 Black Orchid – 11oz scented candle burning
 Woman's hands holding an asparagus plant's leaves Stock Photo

::::::::::

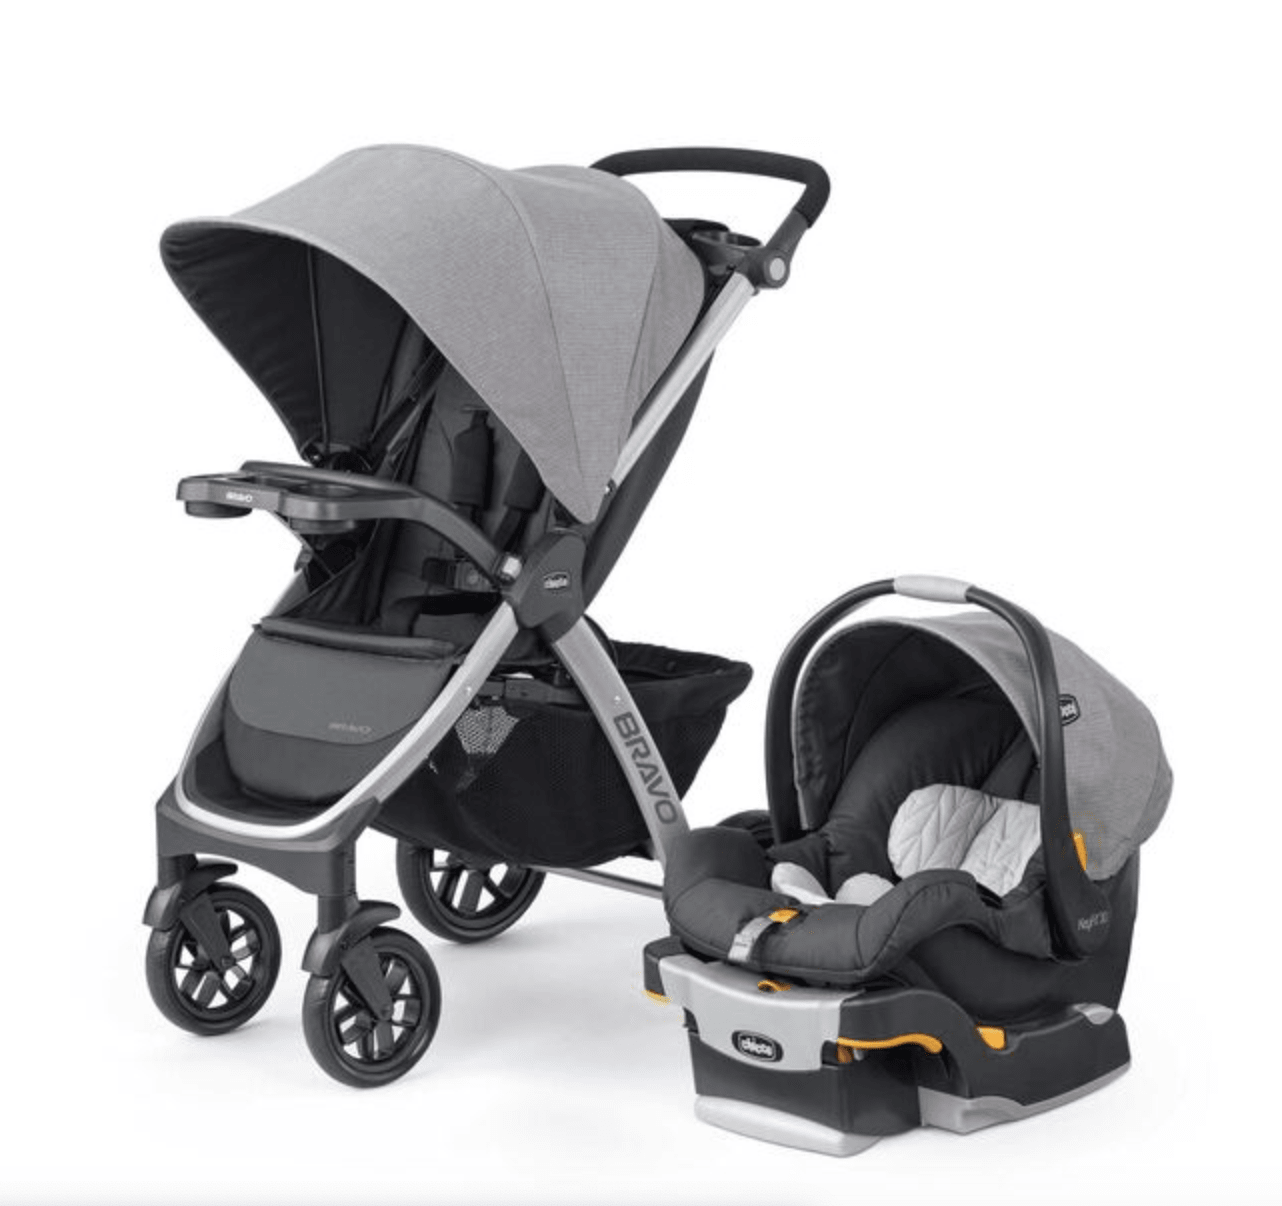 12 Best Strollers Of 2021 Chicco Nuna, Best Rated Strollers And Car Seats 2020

::::::::::

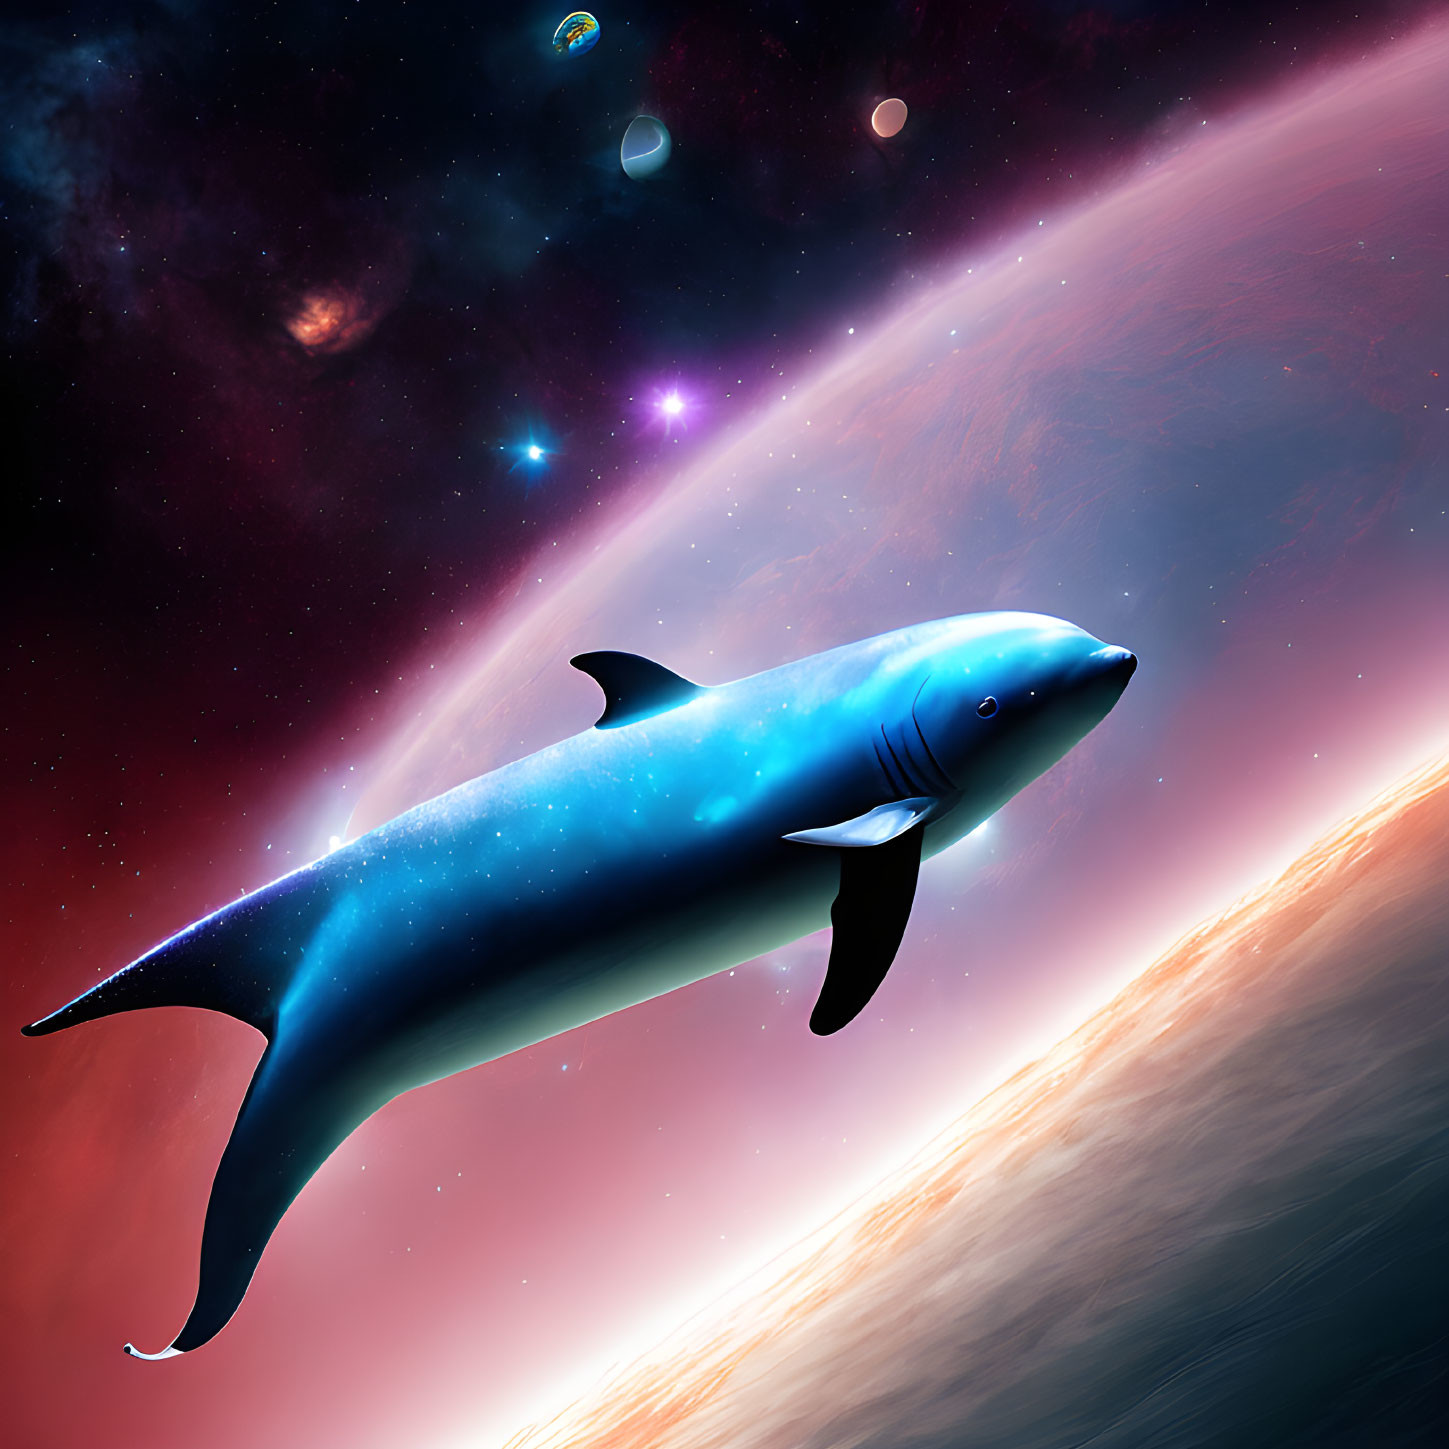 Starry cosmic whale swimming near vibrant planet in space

::::::::::

- [What the task asks]
For this exercise, please output exactly the lines above starting at the line with "Black Orchid – 11oz scented candle burning" and ending at the line with "Woman's hands holding", ends included.

- [Answer to this problem]
 Black Orchid – 11oz scented candle burning
 Woman's hands holding an asparagus plant's leaves Stock Photo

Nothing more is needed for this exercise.